A utilização do marimbau, ao contrário da viola sertaneja e da rabeca, não está condicionado à sua presença nos ditos conjuntos populares de música do Nordeste. O marimbau é um instrumento inventado, construído especificamente para uso do Armorial e com uma sonoridade elaborada para representar principalmente a influência da cultura moura sobre a formação do imaginário nordestino.

Inspirado no berimbau-de-lata, uma versão do berimbau da Bahia, encontrado em algumas cidades do Nordeste, o assim batizado marimbau nordestino foi fruto de uma pesquisa sonora desenvolvida por músicos como Fernando Torres Barbosa, integrante do Quinteto, e Antúlio Madureira, irmão de Antônio e por esse convidado a participar como instrumentista da Orquestra Romançal.
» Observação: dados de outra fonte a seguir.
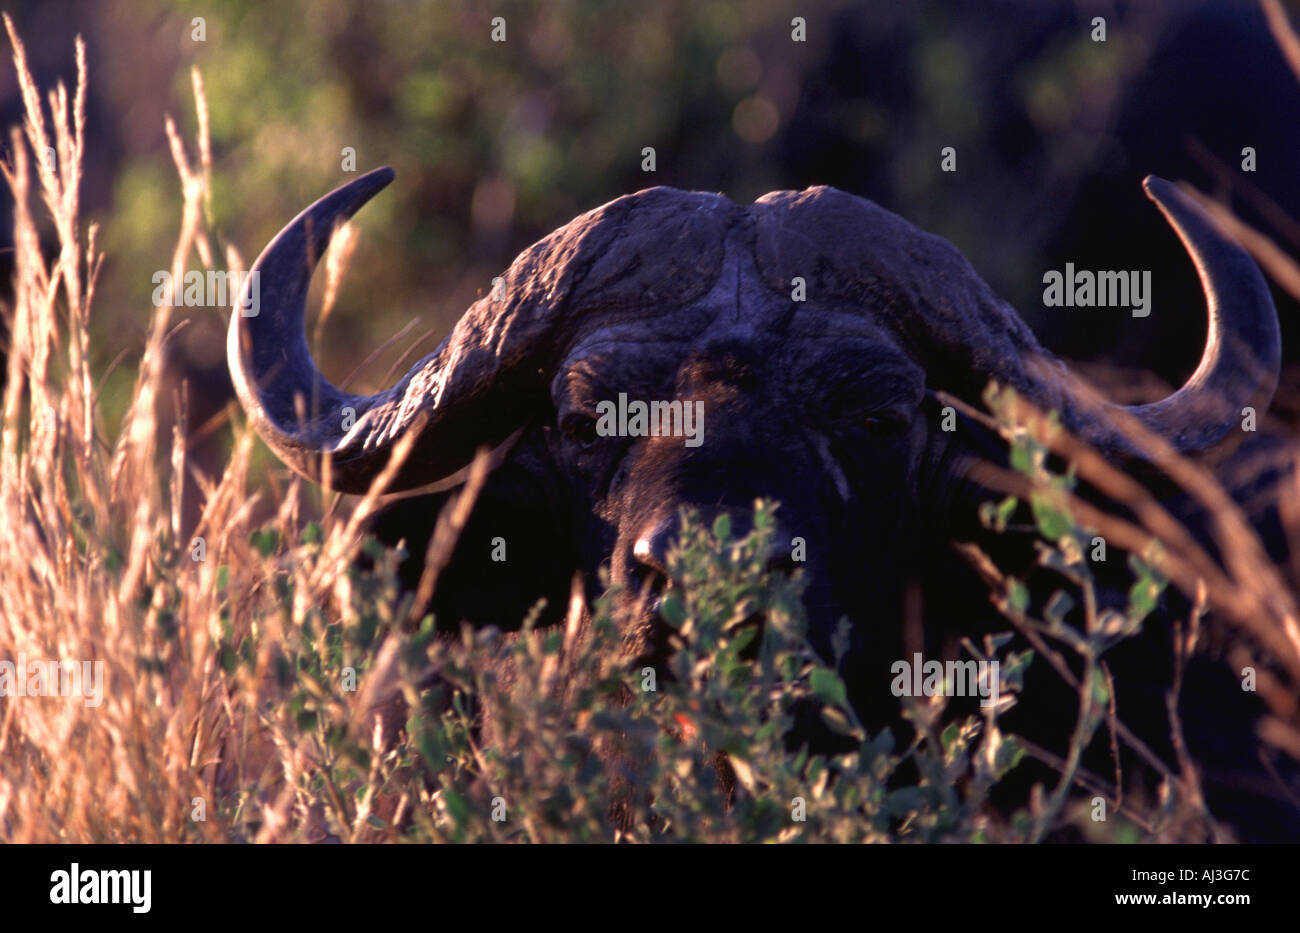 Bull in vegetation, Syncerus caffer Stock Photo

Falando sobre a adoção do marimbau na formação do Quinteto Armorial, Ariano explica:

[...] há muito tempo, desejava introduzir no conjunto camerístico, um instrumento usado pelo Povo nordestino, o ‘berimbau-de-lata’ assim chamado para se distinguir do ‘berimbau bahiano”. Consiste o ‘berimbau-de-lata’ num arame, pregado a uma tábua e esticado por cima de duas latas que servem, ao mesmo tempo, de cavalete para o arame e de caixa de ressonância.271

Ainda é Ariano quem define o papel do marimbau dentro da sonoridade do conjunto. Para ele, esse “estranho e belo instrumento, de som áspero e monocórdico” estaria lá para lembrar, assim como a rabeca, “os instrumentos hindus ou árabes, estes últimos de presença tão marcante no Nordeste, por causa de nossa herança ibérica”.272

Portanto, os assim considerados instrumentos populares nordestinos foram intensamente utilizados pelo Armorial não simplesmente por seu valor estético, mas com uma clara intenção ideológica de instaurar, através de seus timbres característicos, de sua sonoridade, uma conexão entre a música do Movimento e o espaço Nordeste por ele imaginado.

271

SUASSUNA, Ariano. Ariano Suassuna e o quinteto armorial. Correio Braziliense, Brasília, p. 6, 28 mar 1976.

272

SUASSUNA, Ariano. A arte armorial. Texto de apresentação presente no programa do concerto de lançamento do Movimento Armorial. Catedral de São Pedro dos Clérigos, Recife, 18 set 1970. (Folheto).